Engineering manager Daniel Murphy added, "We moved into our new premises on the Smithstown Industrial Estate in Shannon in April 2019 and the Hermle arrived soon after. We need to make around 40 different parts for an Enigma prototype platform, half of which are rotational and would normally be produced on a lathe.
"To avoid the expense of investing in a turning centre at this early stage, we make all components on the VMC, despite it not having a torque table and integral turning capability, as that also would have cost more.
"Round components are produced by circular interpolation milling and the rigidity of the Hermle ensures that all features are within tolerance, especially as parts do not have to be transferred from a lathe to the VMC for prismatic machining."
Hooke Bio's choice of a trunnion-type five-axis VMC rather than one with a B-axis spindle or knuckle-type table swivel was down to the ability of the trunnion design to hold tighter tolerances.

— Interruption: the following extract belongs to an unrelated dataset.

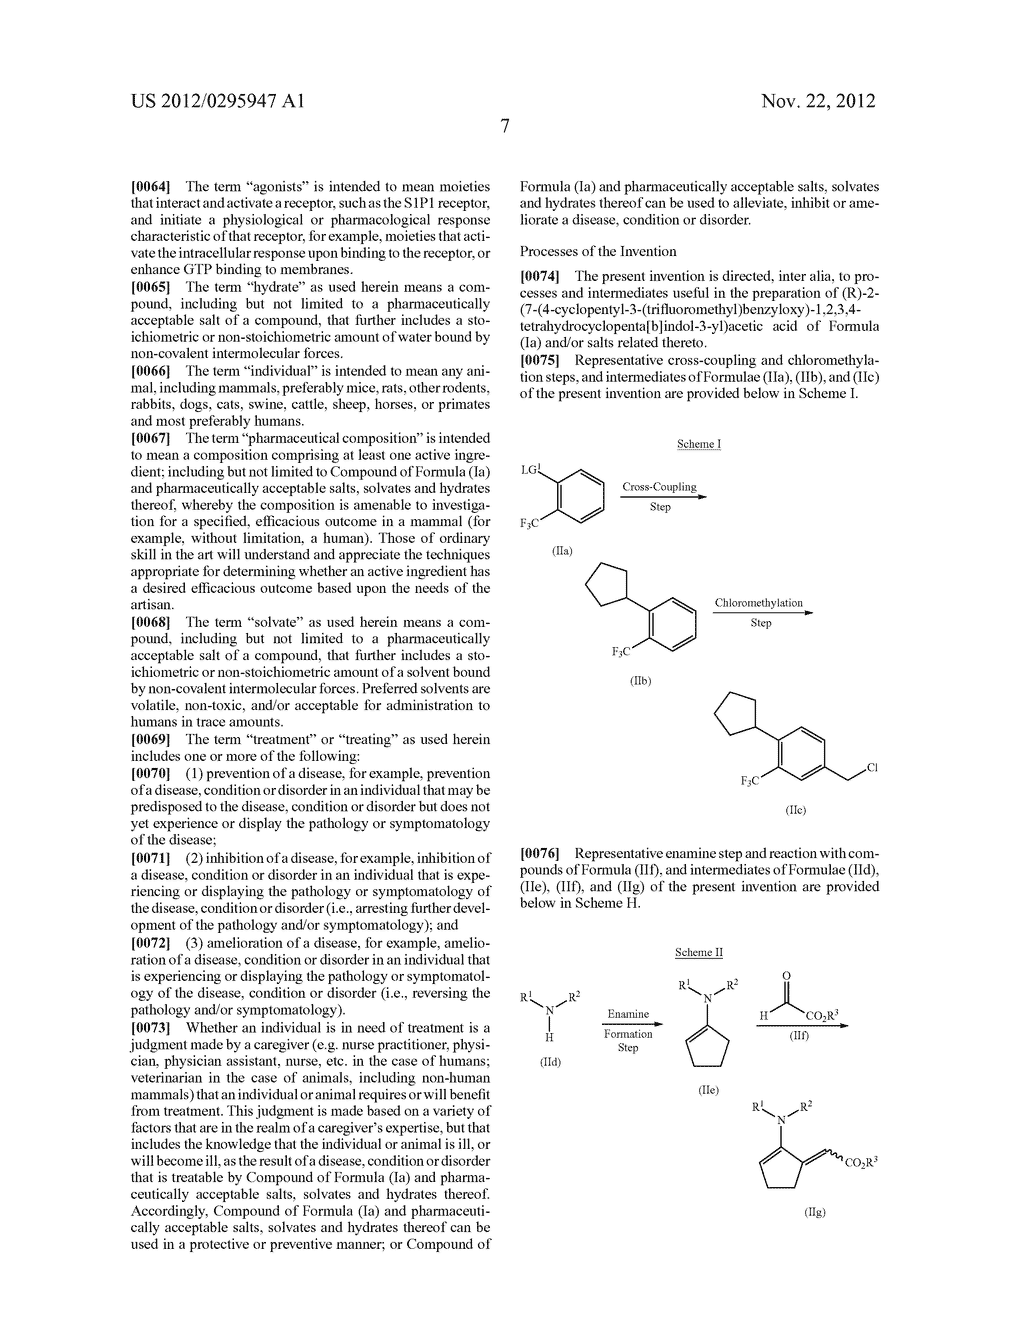 PROCESSES FOR THE PREPARATION OF     (R)-2-(7-(4-CYCLOPENTYL-3-(TRIFLUOROMETHYL)BENZYLOXY)-1,2,3,4-TETRAHYDROC-    YCLOPENTA[B]INDOL-3-YL)ACETIC ACID AND SALTS THEREOF - diagram, schematic, and image 16

The C 250 was selected following a visit to Kingsbury in Gosport and a trip to Hermle's production plant in Gosheim, southern Germany, where the medical company's engineers were impressed by machine demonstrations and the build process.
Coincidentally, corroboration of their machine selection came during a visit to the Shannon facility by a sales representative from cutting tool supplier Iscar, who mentioned that 10 of the same model of VMC are in use in their factory in Israel.
In an online paper published on Hooke Bio's website (www.engineersjournal.ie/2017/10/10/enigma-irish-biotech-develops-new-drug-screening-system), written by executive chair Prof Mark Davies, professor of engineering science at the University of Limerick, chief operating officer Dr Finola Cliffe and a PhD student at the University of Limerick, Anne O’Sullivan, the point is made that HTS is essential for screening vast numbers of drugs and drug combinations to assay their effects on cells, which are difficult to predict.
As a result, testing of such drugs becomes not so much a medical issue as an engineering project, which Hermle and Kingsbury are successfully helping the biotech company to undertake.